If you have more time
Task: Add the Turtle triples below (from exercise 3-5) to your data_graph.
ex:investigation_162 a ex:Indictment ;
ex:american "unknown" ;
ex:cp_date "2018-02-23"^^xsd:date ;
ex:cp_days 282 ;
ex:indictment_days 166 ;
ex:investigation ex:russia ;
ex:investigation_days 659 ;
ex:investigation_end "unknown" ;
ex:investigation_start "2017-05-17"^^xsd:date ;
foaf:name "Rick Gates" ;
ex:investigatedPerson ex:Rick_Gates ;
ex:outcome ex:guilty_plea ;
ex:overturned false ;
ex:pardoned false ;
ex:president ex:Donald_Trump .
Extend your shapes graph for each of these constraints:
- The only allowed values for ex:american are true, false or unknown.
- The value of a property that counts days must be an integer.
- The value of a property that indicates a start date must be xsd:date.
- The value of a property that indicates an end date must be xsd:date or unknown (tip: you can use sh:or (...) ).
- Every indictment must have exactly one FOAF name for the investigated person.
- Every indictment must have exactly one investigated person property, and that person must have the type ex:PersonUnderInvestigation.

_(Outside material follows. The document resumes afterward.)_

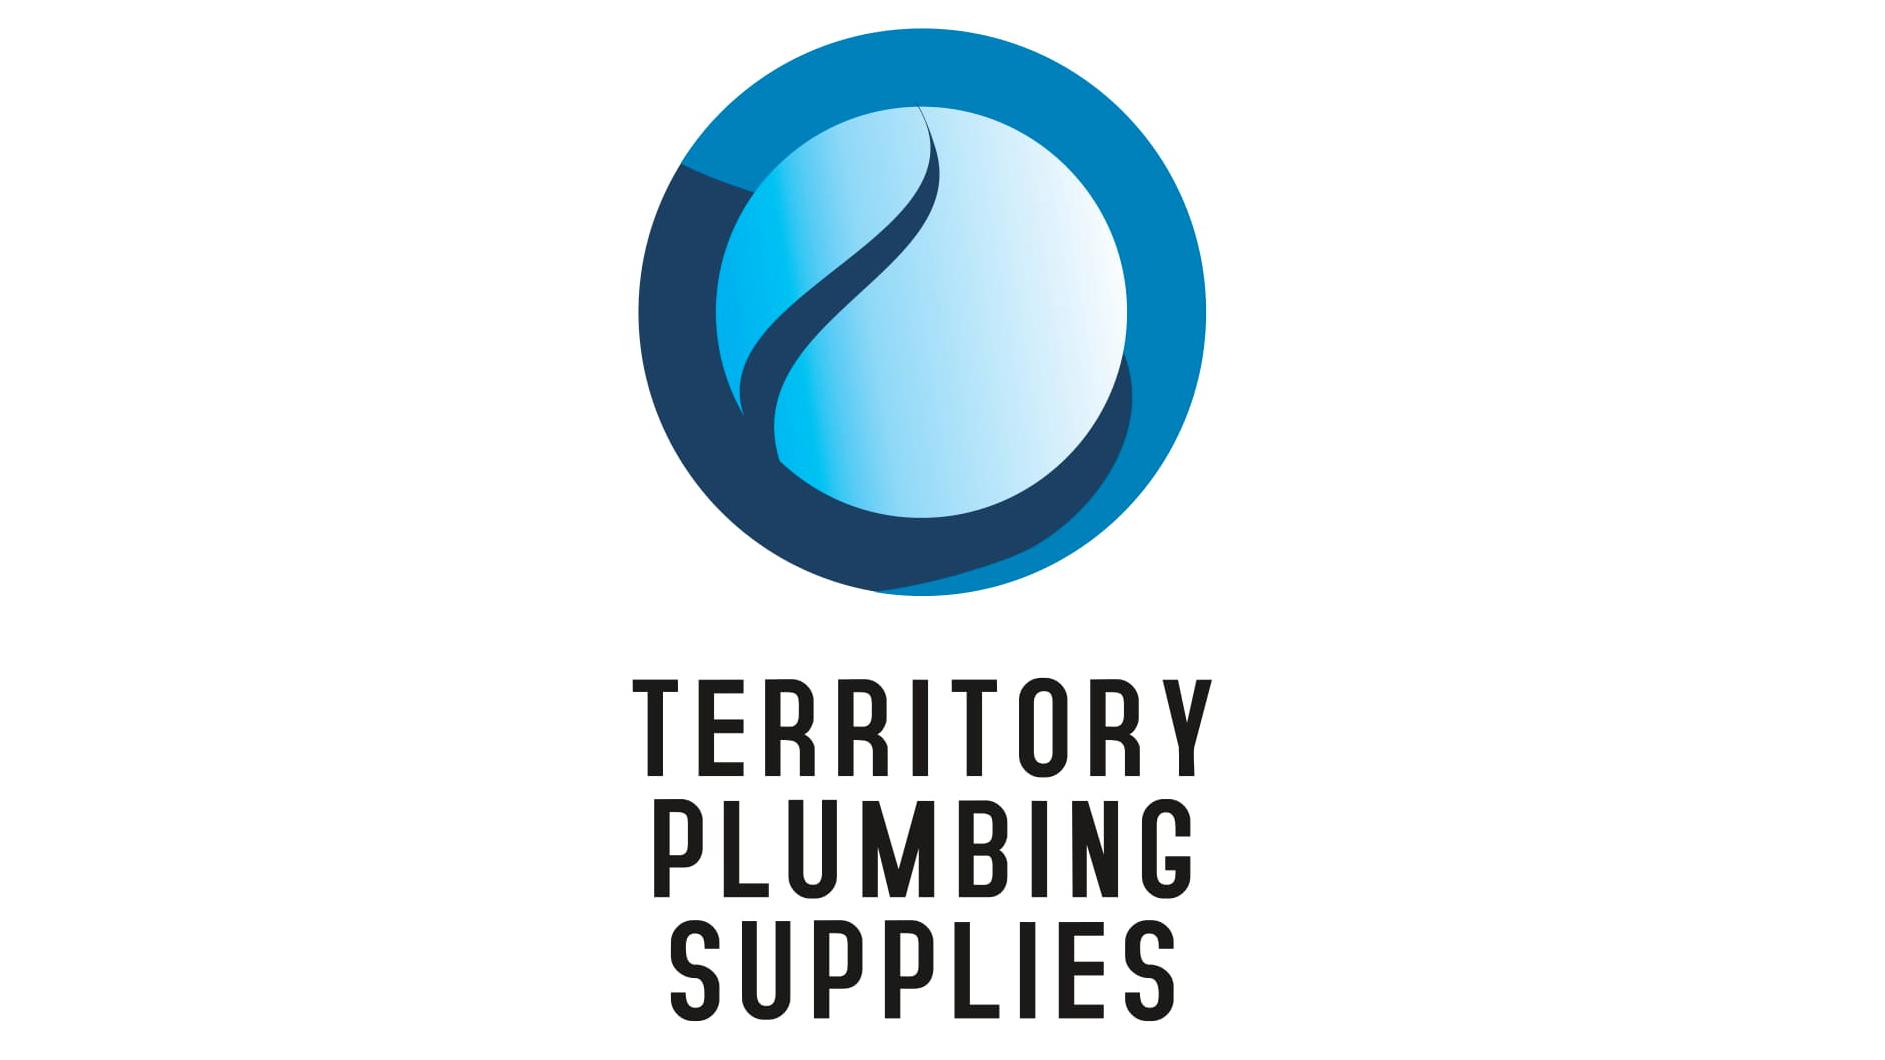 Territory Plumbing Supplies

- No URI-s can contain hyphens ('-').
- Presidents must be identified with URIs.
Task: When you run SHACL on large data graphs, the results_graph and result_text will report the same error many times (but for different nodes). Write a SPARQL query to print out each distinct sh:resultMessage in the results_graph.
Task: Modify the above query so it prints out each sh:resultMessage in the results_graph once, along with the number of times that message has been repeated in the results.